In previous articles in this series (Data-Driven Decision Making in Times of Crisis, and What Data?), we discussed how data and information are crucial for more informed decision making and how the transformation of data and information into intelligence is what leads to this concept of informed decision making. We also discussed how understanding the specific intelligence needs of a decision maker and tracing back to critical data needs is the best strategy to create a more efficient and effective intelligence process.

This article examines the act of collecting, organizing and storing selected data and information that has been identified as needed. The objective is to create a process that allows for timely availability of the most relevant data for transformation into intelligence. The following framework is a simple guide for actions taken to collect such data.

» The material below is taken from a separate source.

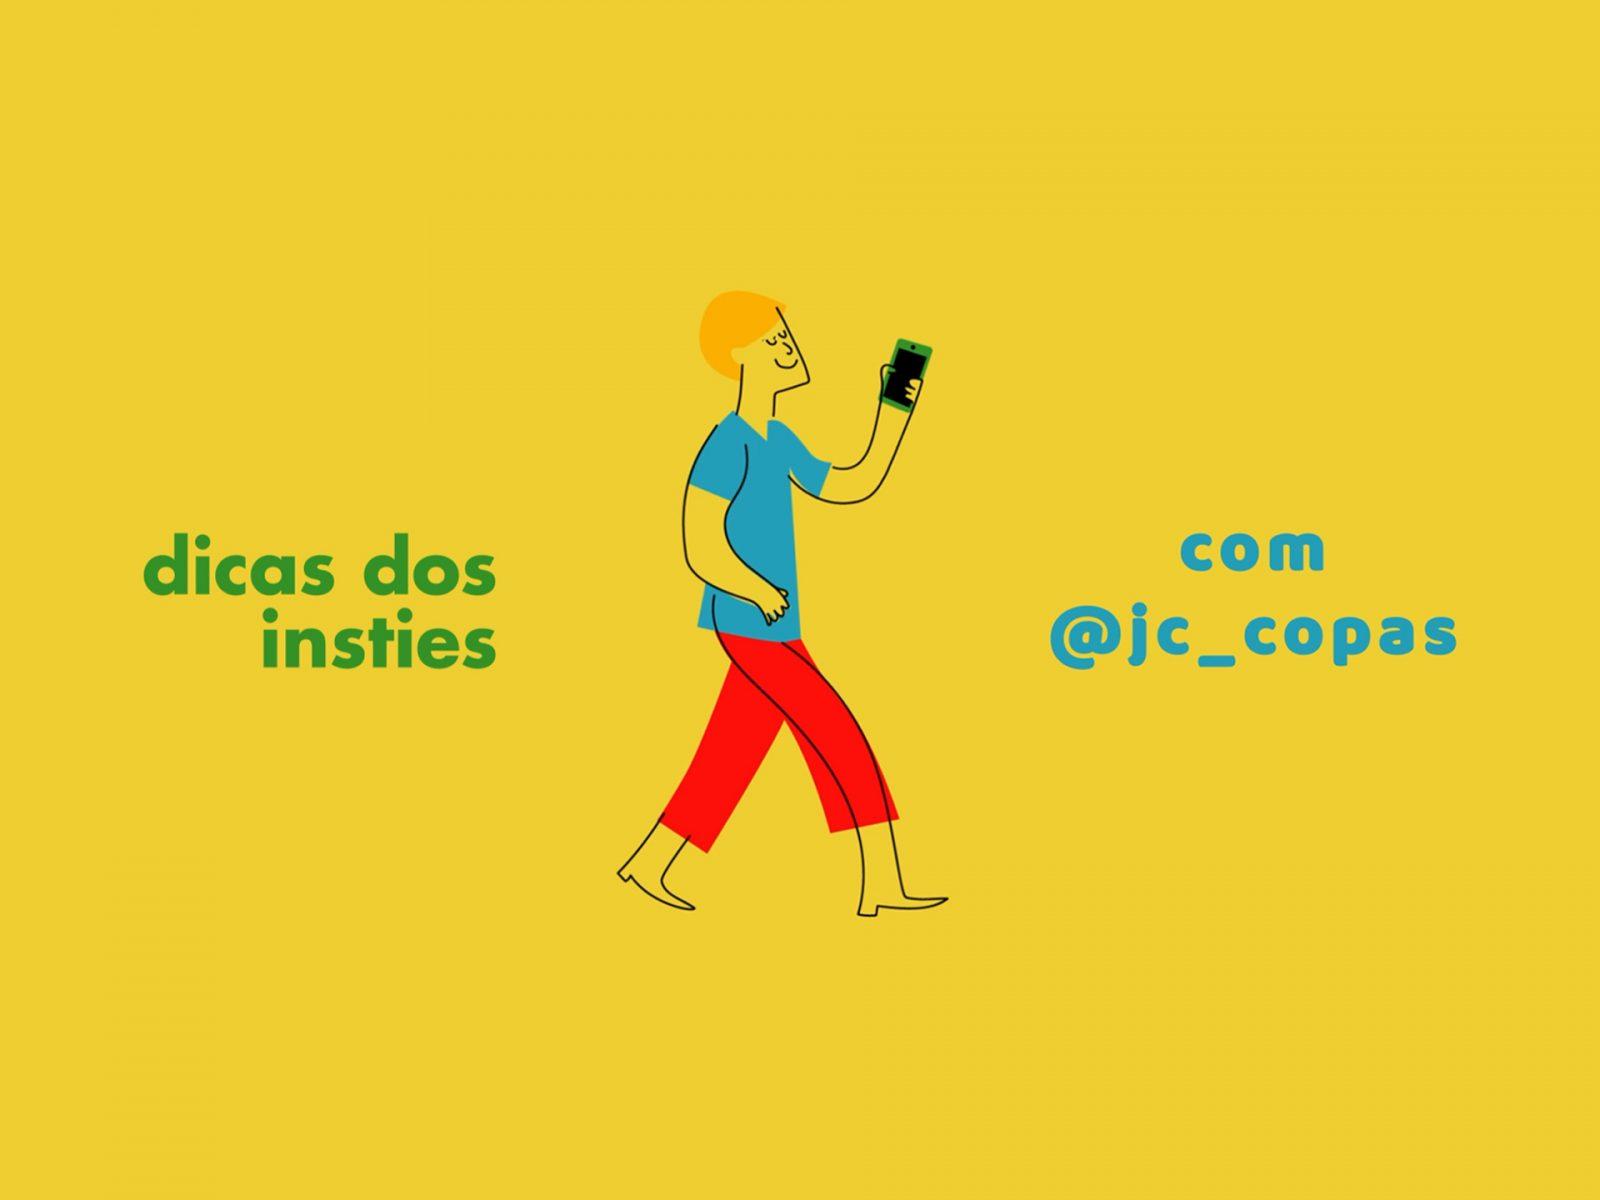 dicas_insties_jc_copas
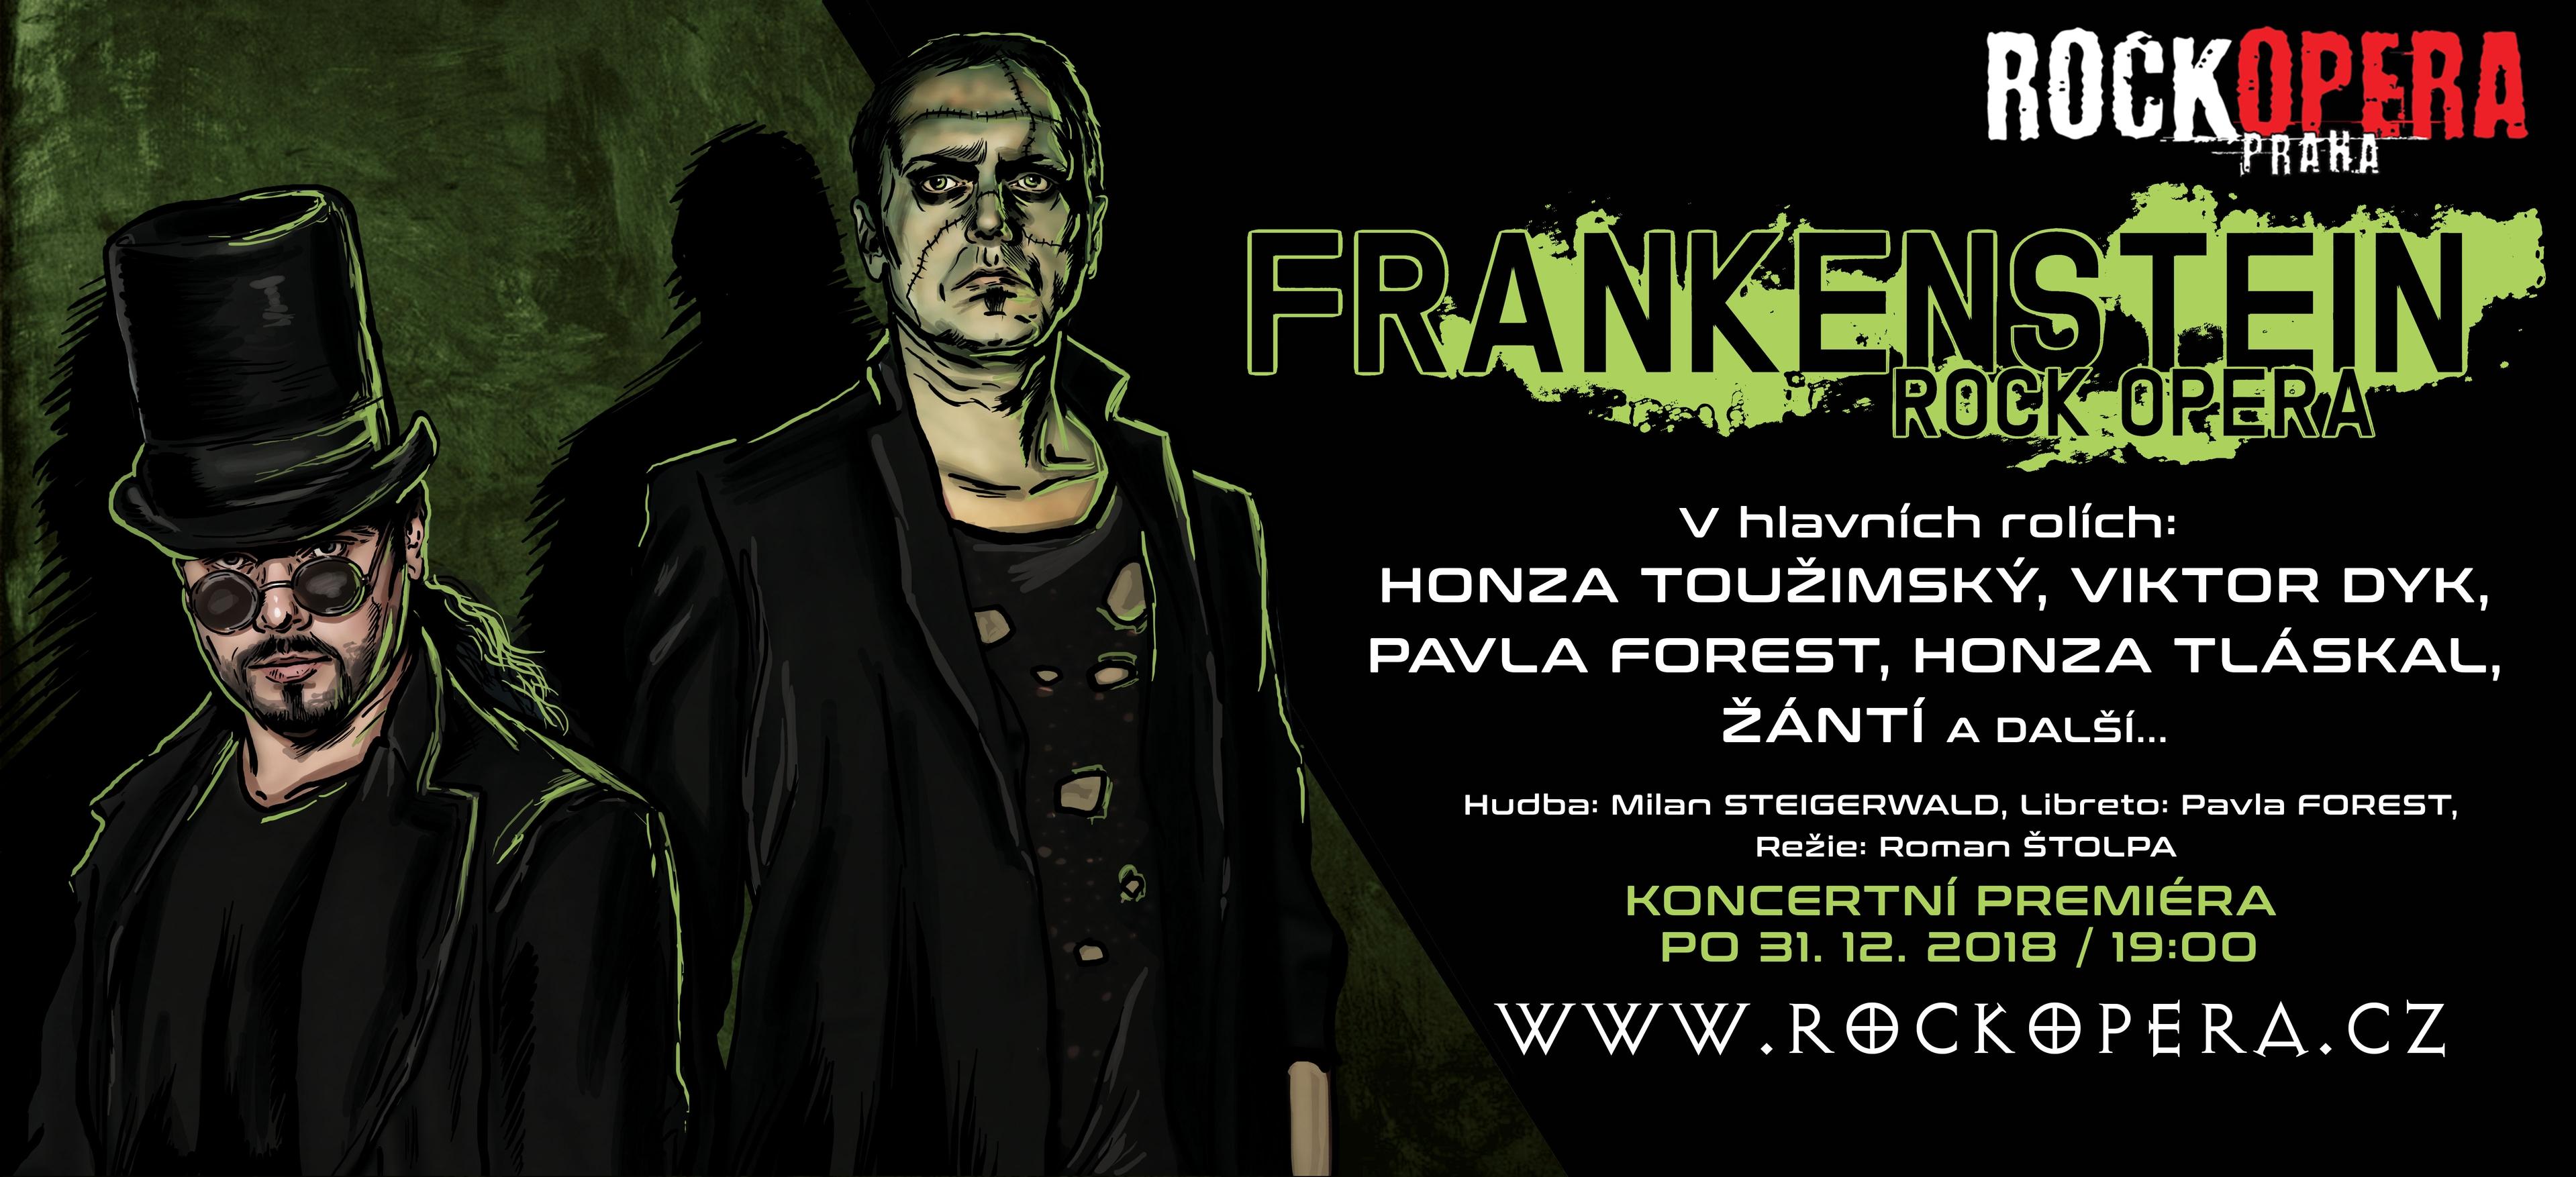 RockOpera Praha uvede na Silvestra šokujícího Frankensteina!

Data and Information Collection, Organization and Storage Framework

Data Collection Process

The first step is identifying potential sources of the desired data and information. These sources can include people, objects (products or components), records (literature), and so on. Many of these information sources can be found online through search engines, news groups such as commercial news organizations or informal news and discussion groups, and more. The critical task to complete is thinking of all possible places information may be found. The data collection function rests on research that matches validated intelligence needs to available sources of information.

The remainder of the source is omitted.